At its annual conference last month, the National Union of Students rolled over on compulsory and up-front amenities fees. According to its new president, Angus McFarland, it was a matter of accepting reality. “We were … aware … that the Labor Party had comprehensively ruled out returning to the upfront fee-paying system,” he said.
But they are not giving up on a fee. One of the options they plan to present to the federal government is a HECS-style scheme to avoid the up-front charges of the old amenities fee, but to restore a revenue flow from students.
This is certainly less incoherent than NUS’s previous position, that the HECS which funds tuition on an income-contingent basis should be reduced, while a up-front, completely deregulated fee which funds other people’s childcare and student union hacks should be maintained.
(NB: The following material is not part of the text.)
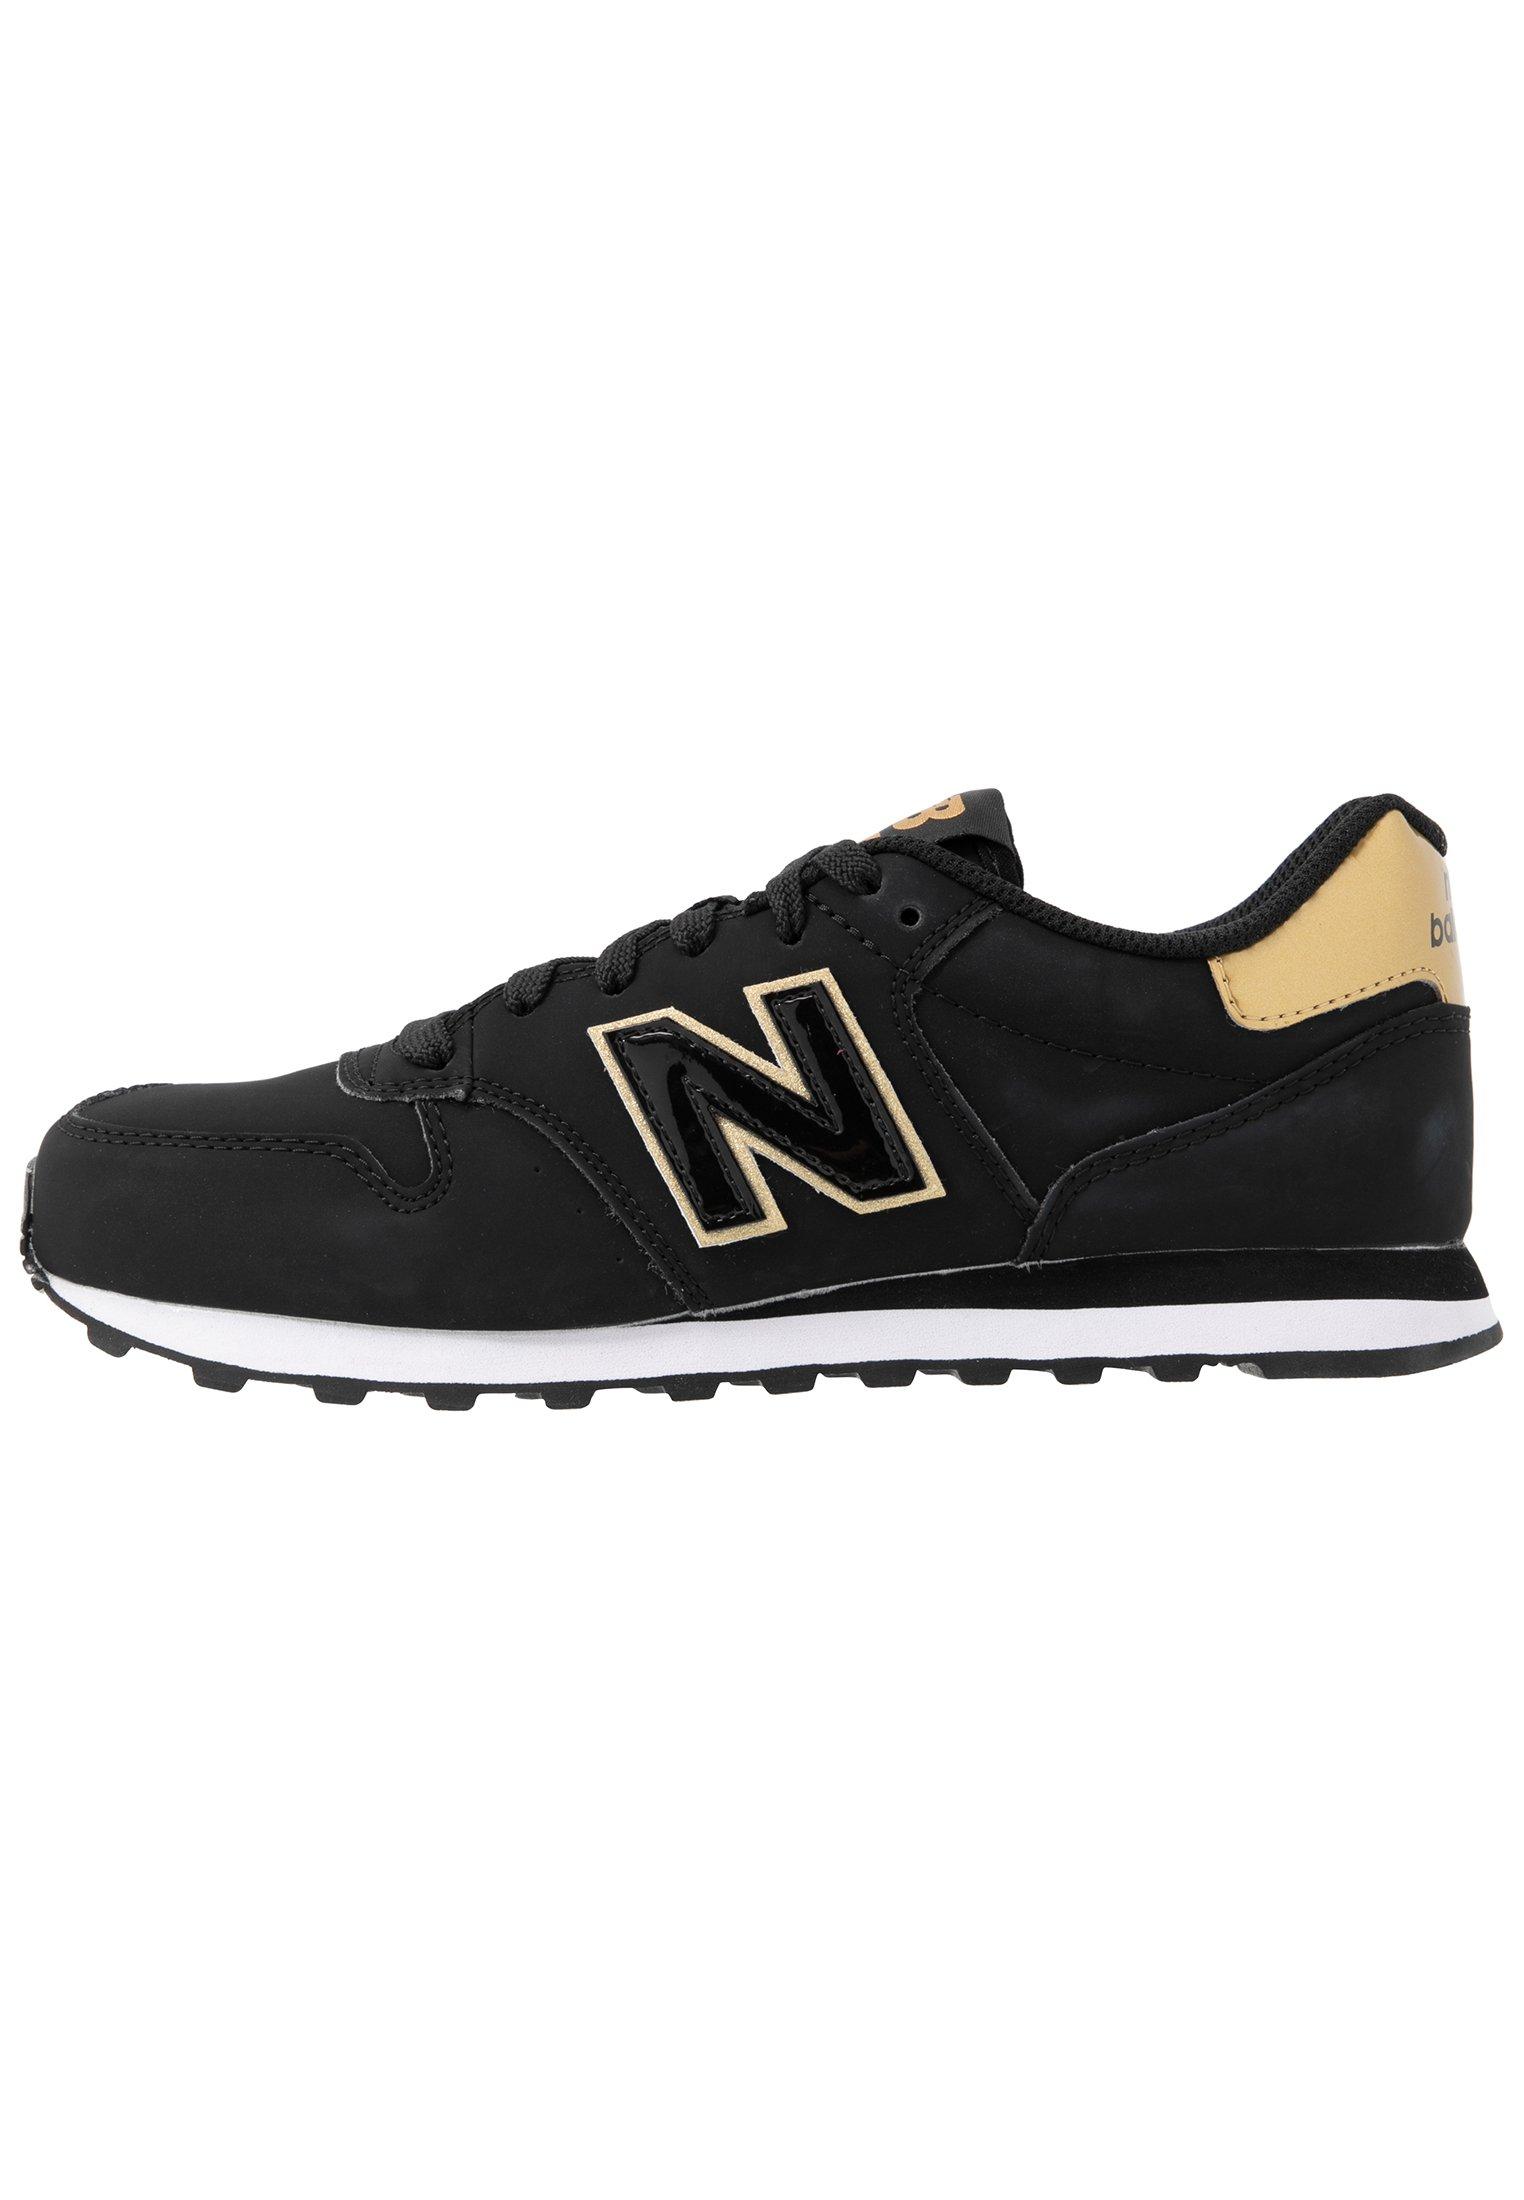 New Balance 500 - Sneakers laag - navy - Zalando.nl

To the extent that made any sense, it was sending very mixed messages.
But removing the up-front element only solves half of NUS’s coherence problem. As the huge drops in student union membership reported in today’s papers demonstrate, their services were of peripheral importance to most students (or more cheaply acquired on a user-pays basis). So NUS’s position is that students should be allowed to spend more on services they mostly don’t need, while being against students being allowed to invest more in their principal asset, their human capital.
Still, in calling for fees of any kind, against the price control of the two major parties, NUS is in the deregulation camp. They just need to take their deregulatory ideas a lot further than they have.